Segment Open

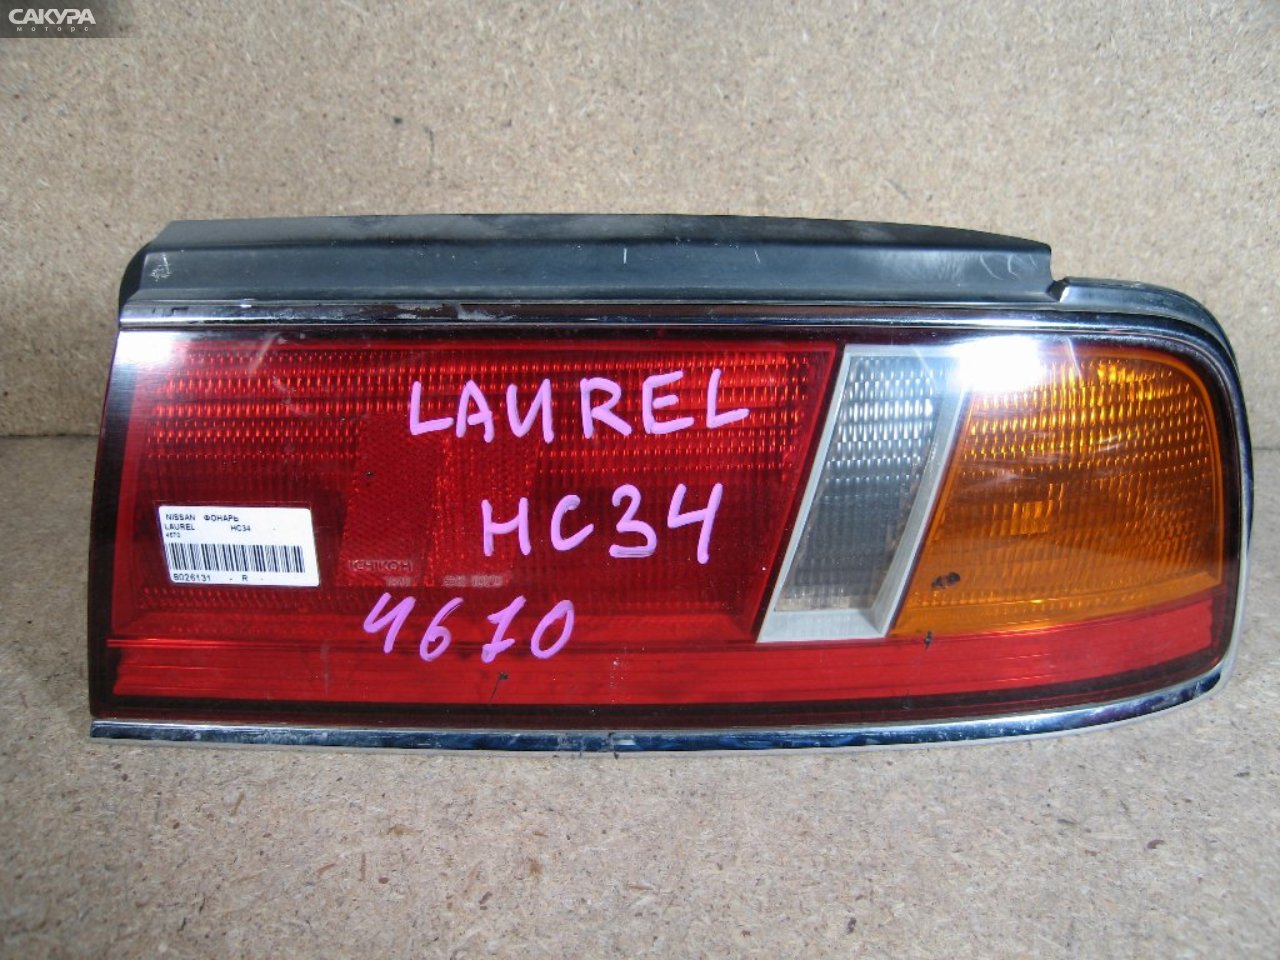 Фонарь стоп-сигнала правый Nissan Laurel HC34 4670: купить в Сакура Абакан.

Segment Closed
Segment Open

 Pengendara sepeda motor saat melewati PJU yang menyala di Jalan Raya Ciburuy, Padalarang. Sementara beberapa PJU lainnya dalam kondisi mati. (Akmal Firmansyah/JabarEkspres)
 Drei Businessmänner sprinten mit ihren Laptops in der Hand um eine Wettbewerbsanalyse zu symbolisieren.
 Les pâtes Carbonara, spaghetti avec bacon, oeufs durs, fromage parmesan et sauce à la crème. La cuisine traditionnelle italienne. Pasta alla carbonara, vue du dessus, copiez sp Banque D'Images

Segment Closed

From the line holding "Drei Businessmänner sprinten" to the line holding "Les pâtes Carbonara, spaghetti", inclusive, restate each line above exactly as written.

**FINISHED EXERCISE**
 Drei Businessmänner sprinten mit ihren Laptops in der Hand um eine Wettbewerbsanalyse zu symbolisieren.
 Les pâtes Carbonara, spaghetti avec bacon, oeufs durs, fromage parmesan et sauce à la crème. La cuisine traditionnelle italienne. Pasta alla carbonara, vue du dessus, copiez sp Banque D'Images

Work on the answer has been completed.